The homogeneous equation is a pivotal part of solving linear differential equations. It represents the portion where the differential equation equals zero, depicted here as: - \( y''' - y'' + y' - y = 0 \).
The general solution derived from the homogeneous equation is constructed using the roots of the characteristic equation. In this scenario:

• Exponential solutions from real roots: \(C_1 e^t\).
• Trigonometric solutions from complex roots: \(C_2 \cos t + C_3 \sin t\).

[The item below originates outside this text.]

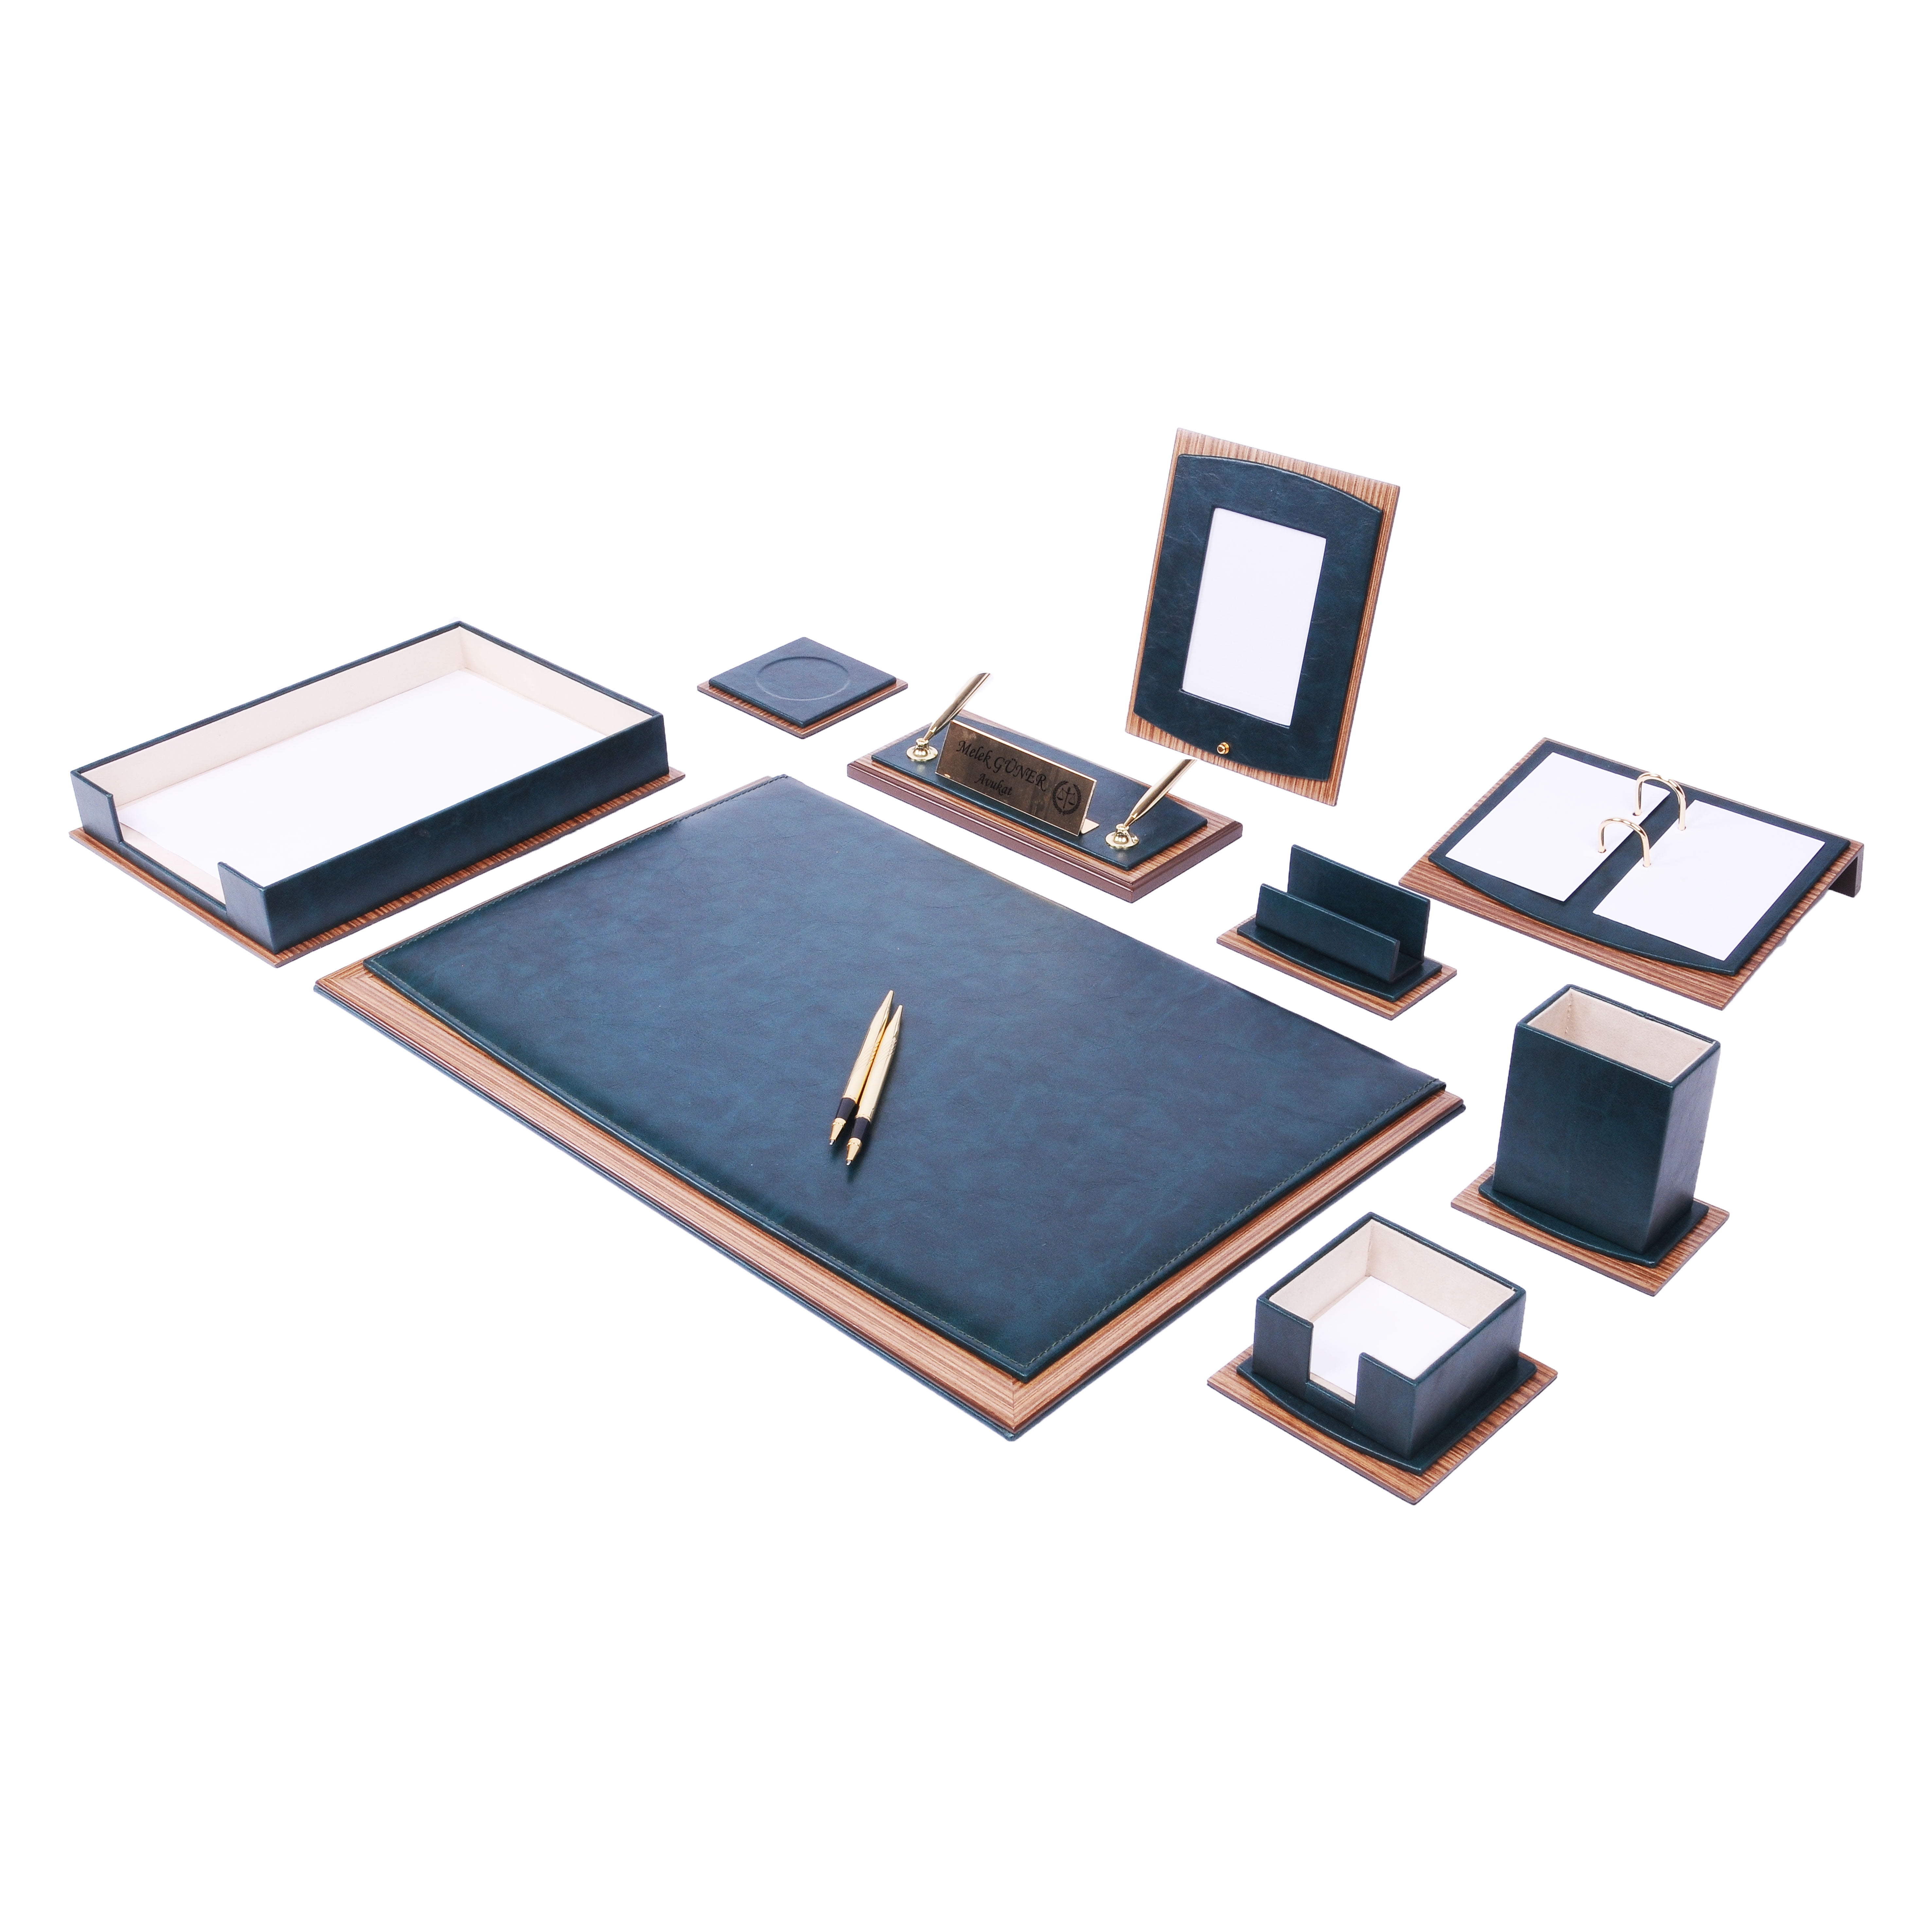 MOOGCO Desk Organizers - Desk Accessories - Leather Desk Organizer - Bonded Leather Set - Office Desk Accessories - Home Office Accessories - Desk

The overall general solution is then: - \( y_h(t) = C_1 e^t + C_2 \cos t + C_3 \sin t \),where \(C_1, C_2, C_3\) are constants determined later using initial conditions.

Particular Solution

The method of finding a particular solution for a non-homogeneous equation is crucial, as it deals with the other side of the equation, \( \sec t \), in the given example: - \( y''' - y'' + y' - y = \sec t \).
We utilize the method of undetermined coefficients to address this. By assuming a particular solution form like: - \( y_p(t) = A \cos t + B \sin t \),
we substitute into the differential equation and balance coefficients of like terms to solve for \(A\) and \(B\). Solving these gives us \(A = 1/2\) and \(B = 1/2\), resulting in: - \( y_p(t) = \frac{1}{2} \cos t + \frac{1}{2} \sin t \).
Combining the particular solution with the general solution of the homogeneous equation yields the complete solution, tailored to fit the initial conditions provided.